If you want to find out what kind of distribution each instance defines and what modules (the network architecture) define it, just print them.

>>> print(p)
Distribution:
  p(x|z)
Network architecture:
  Generator(
    name=p, distribution_name=Bernoulli,
    var=['x'], cond_var=['z'], input_var=['z'], features_shape=torch.Size([])
    (fc1): Linear(in_features=64, out_features=512, bias=True)
    (fc2): Linear(in_features=512, out_features=512, bias=True)
    (fc3): Linear(in_features=512, out_features=784, bias=True)
  )

If you are working on the iPython environment, you can use print_latex to display them in the LaTeX compiled format.

p

Conveniently, each distribution instance can perform sampling over given samples, regardless of the form of the internal DNN modules.
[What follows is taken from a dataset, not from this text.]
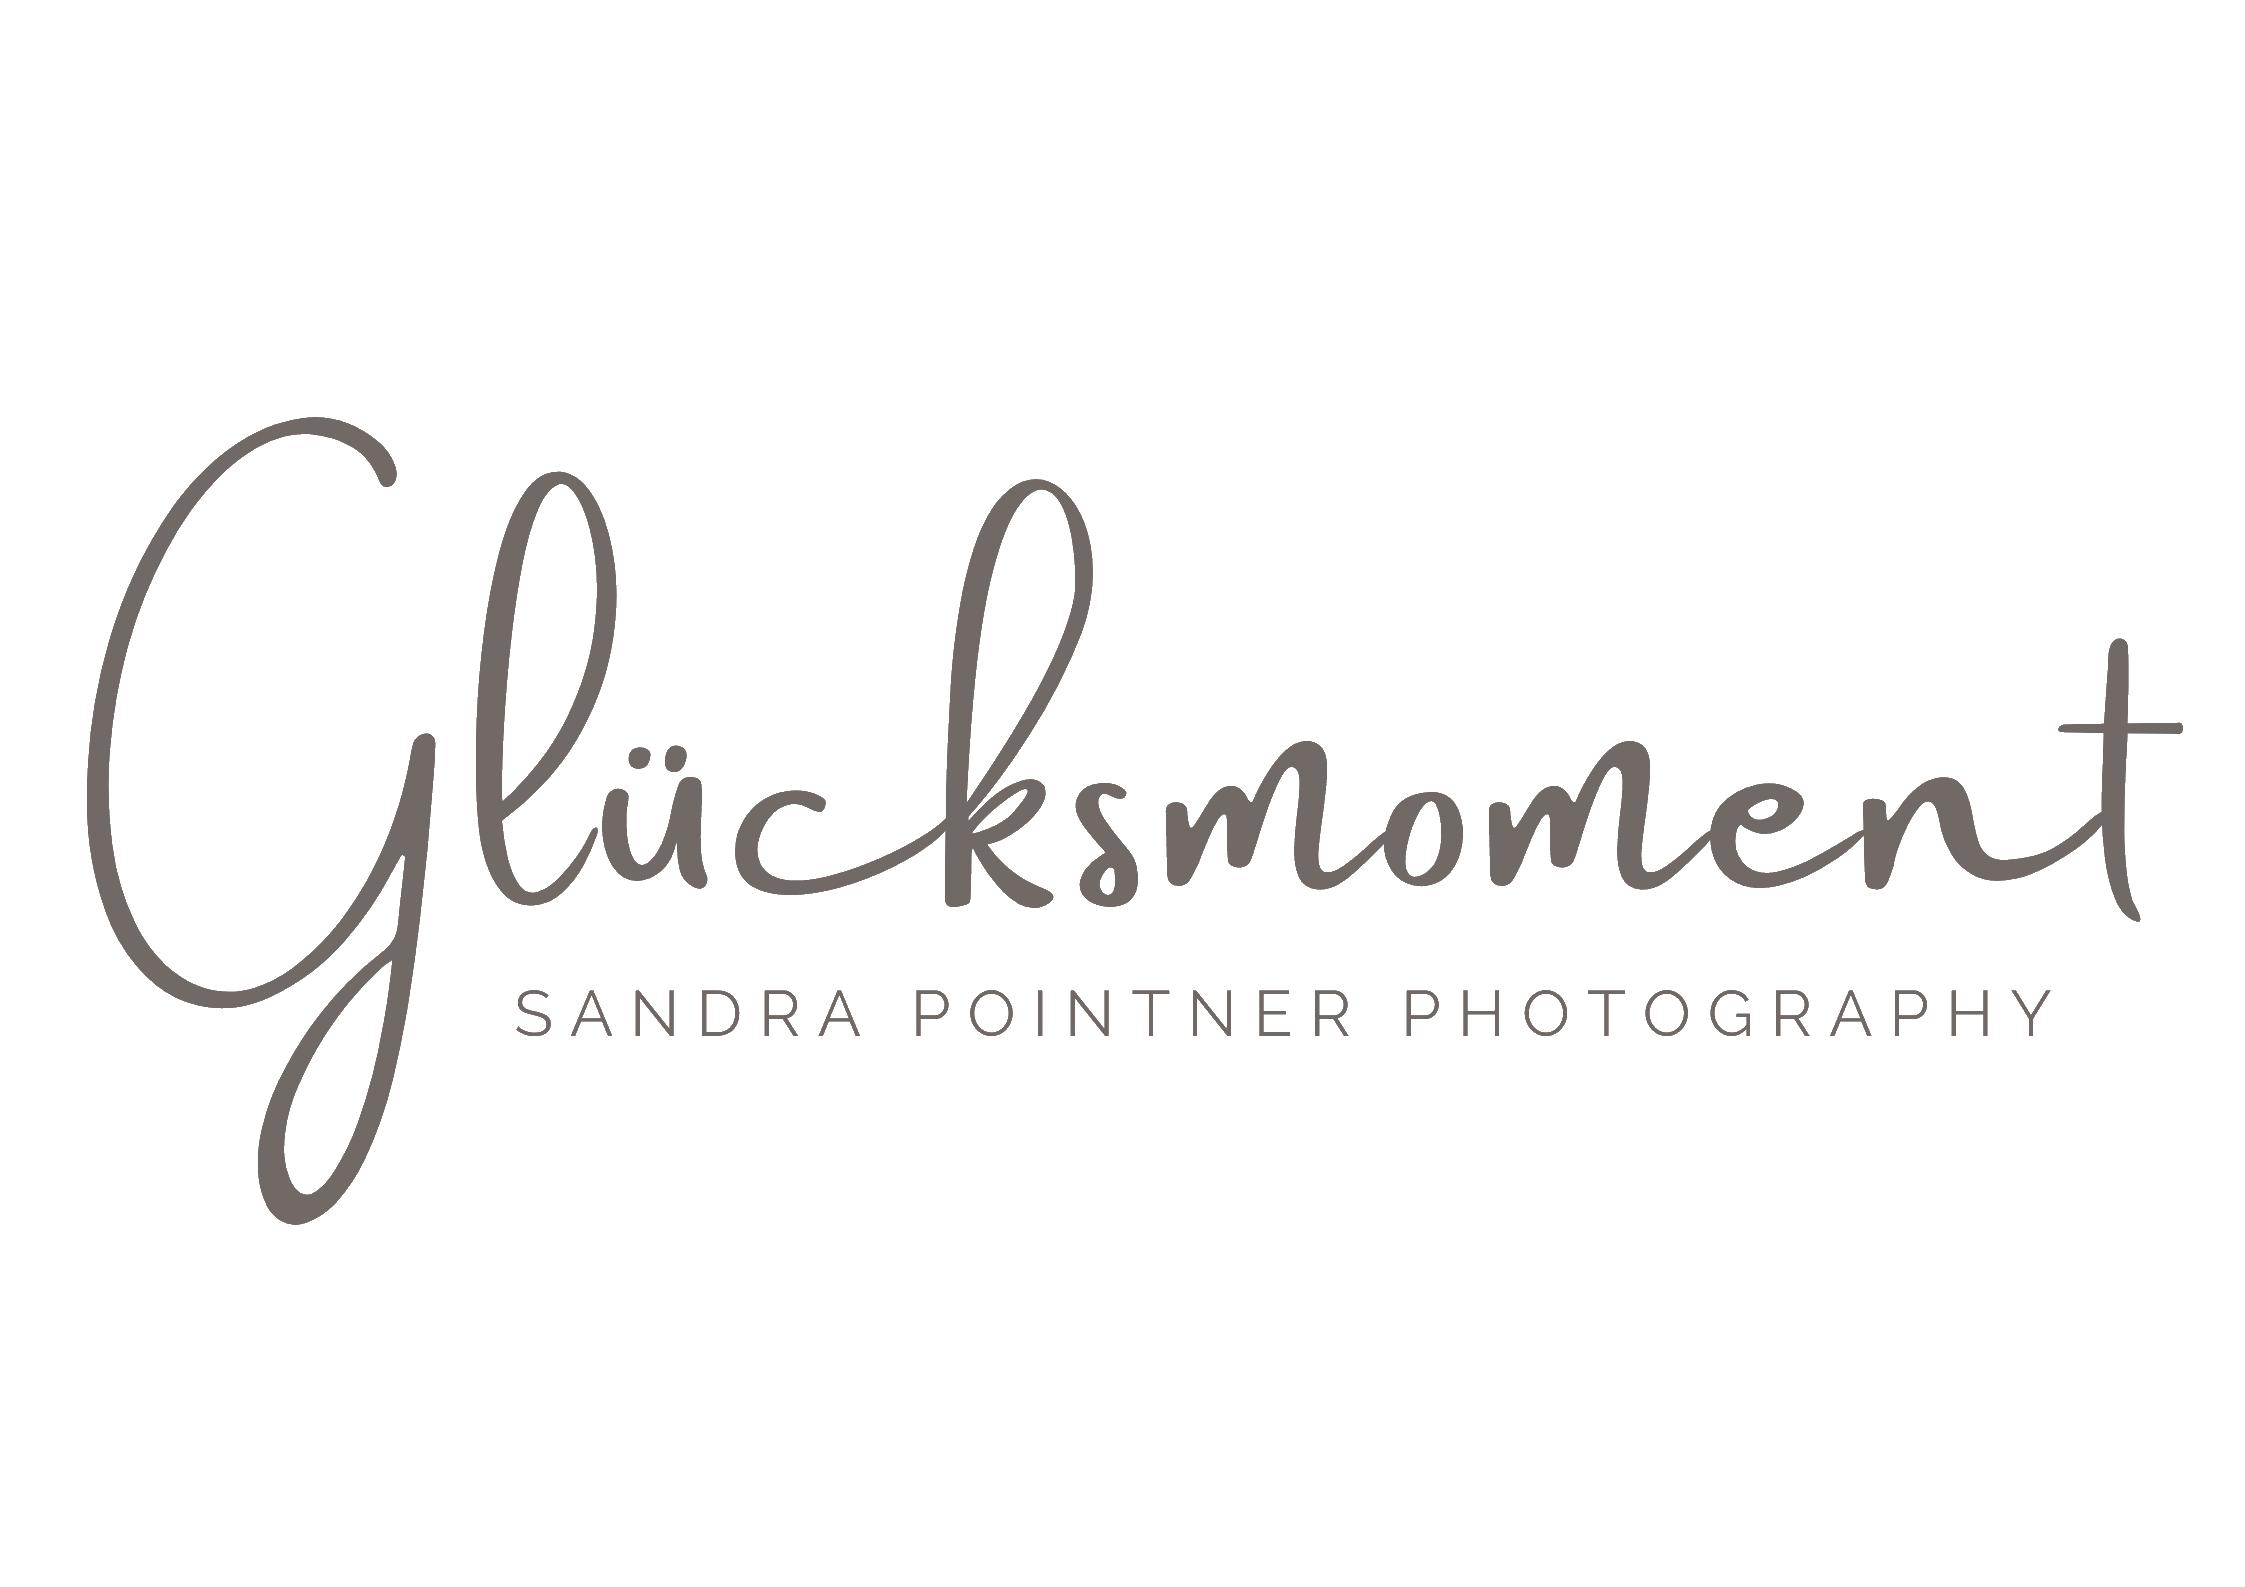 Sandra Pointner Photography

>>> samples_z = prior.sample(batch_n=1)
>>> print(samples_z)
{'z': tensor([[ 0.6084,  1.4716,  0.6413,  1.3184, -0.8930,  0.0603,  1.2254,  0.5910, ..., 0.8389]])}
>>> samples = p.sample(samples_z)
>>> print(samples)
{'z': tensor([[ 1.5377,  0.4713,  0.0354,  0.5013,  1.2584,  0.8908,  0.6323,  1.0844, ..., -0.7603]]),
 'x': tensor([[0., 1., 0., 1., 0., 0., 1., 1., 0., 0., 1., 1., 1., 1., ..., 0.]])}

As in this example, samples are represented in dictionary forms in which the keys correspond to random variable names and the values are their realized values.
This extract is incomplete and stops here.